Similarly: I’m mildly skeptical that humanity refusing to attempt any pivotal acts makes us safer from the particular projects that enact this norm. But I’m much more skeptical that humanity refusing to attempt any pivotal acts makes us safer from harm in general. These two versions of “safer” need to be distinguished and argued for separately.
Any proposal that adds red tape, inefficiencies, slow-downs, process failures, etc. will make AGI projects “safer” in the first sense, inasmuch as it cripples the project or slows it down to the point of irrelevance.
As someone who worries that timelines are probably way too short for us to solve enough of the “pre-AGI alignment prerequisites” to have a shot at aligned AGI, I’m a big fan of sane, non-adversarial ideas that slow down the field’s AGI progress today.
But from my perspective, the situation is completely reversed when you’re talking about slowing down a particular project’s progress when they’re actually building, aligning, and deploying their AGI.
At some point, a group will figure out how to build AGI. When that happens, I expect an AGI system to destroy the world within just a few years, if no pivotal act or processes finishes occurring first. And I expect safety-conscious projects to be at a major speed disadvantage relative to less safety-conscious projects.

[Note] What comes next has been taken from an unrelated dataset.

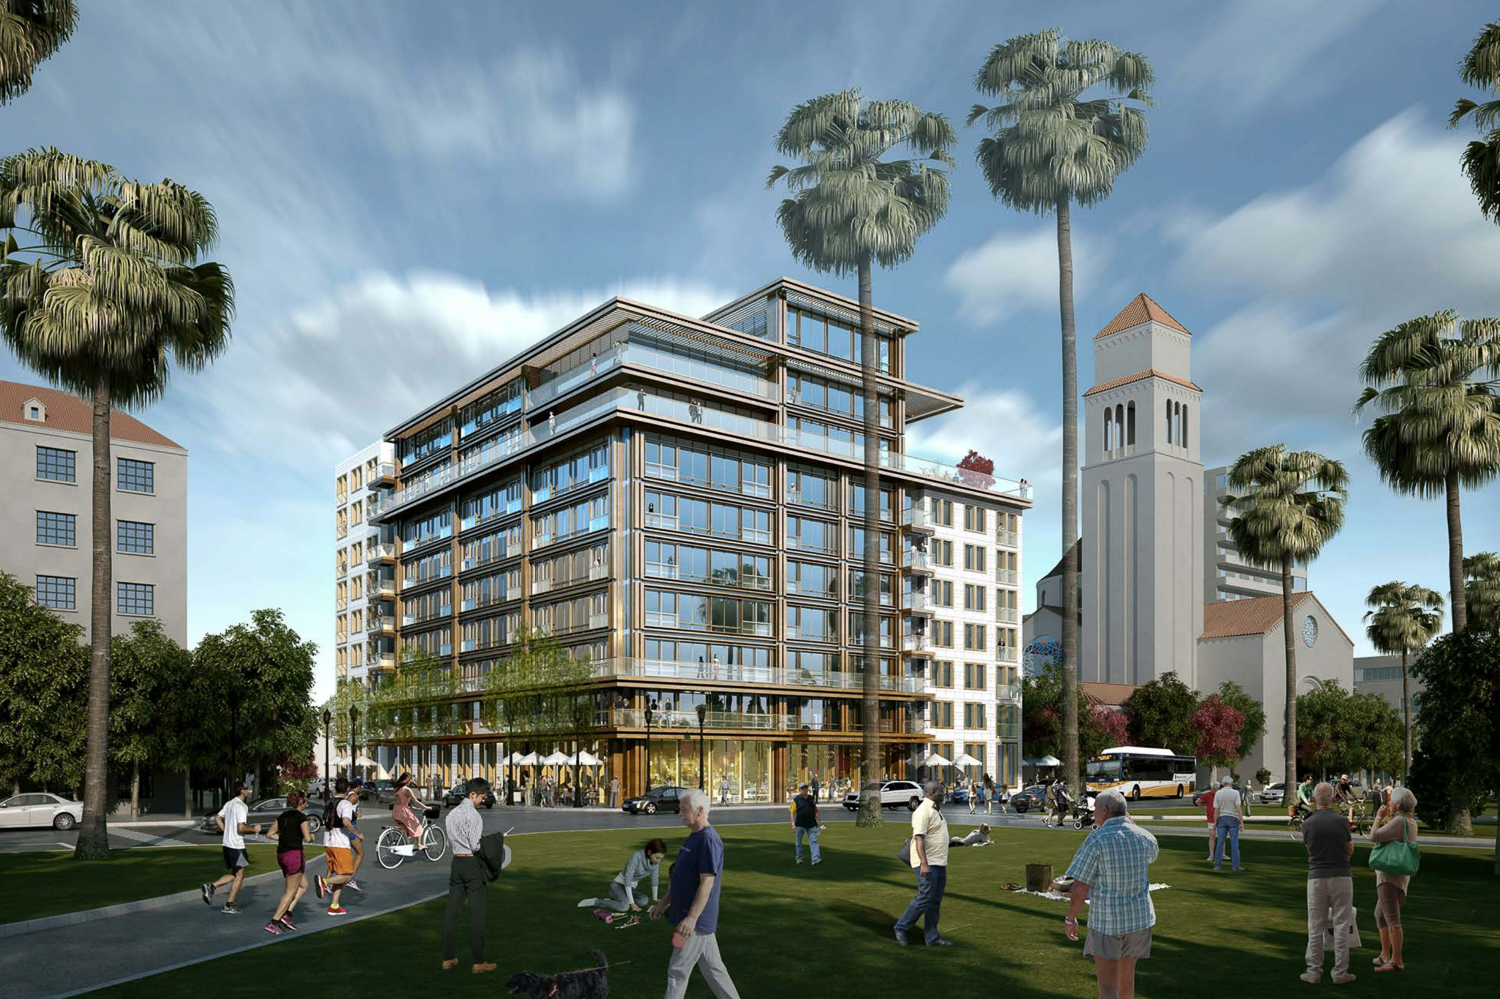 Outdated rendering of 1330 N Street, design by HKS Architects

Adding any unnecessary steps to the process—anything that further slows down the most safety-conscious groups—seems like suicide to me, insofar as it either increases the probability that the project fails to produce a pivotal outcome in time, or increases the probability that the project cuts more corners on safety because it knows that it has that much less time.
I obviously don’t want the first AGI projects to rush into a half-baked plan and destroy the world. First and foremost, do not destroy the world by your own hands, or commit the fallacy of “something must be done, and this is something!”.
But I feel more worried about AGI projects insofar as they don’t have a lot of time to carefully align their systems (so I’m extremely reluctant to tack on any extra hurdles that might slow them down and that aren’t crucial for alignment), and also more worried insofar as they haven’t carefully thought about stuff like this in advance. (Because I think a pivotal act is very likely to be necessary, and I think disaster is a lot more likely if people don’t feel like they can talk candidly about it, and doubly so if they’re rushing into a plan like this at the last minute rather than having spent decades prior carefully thinking about and discussing it.)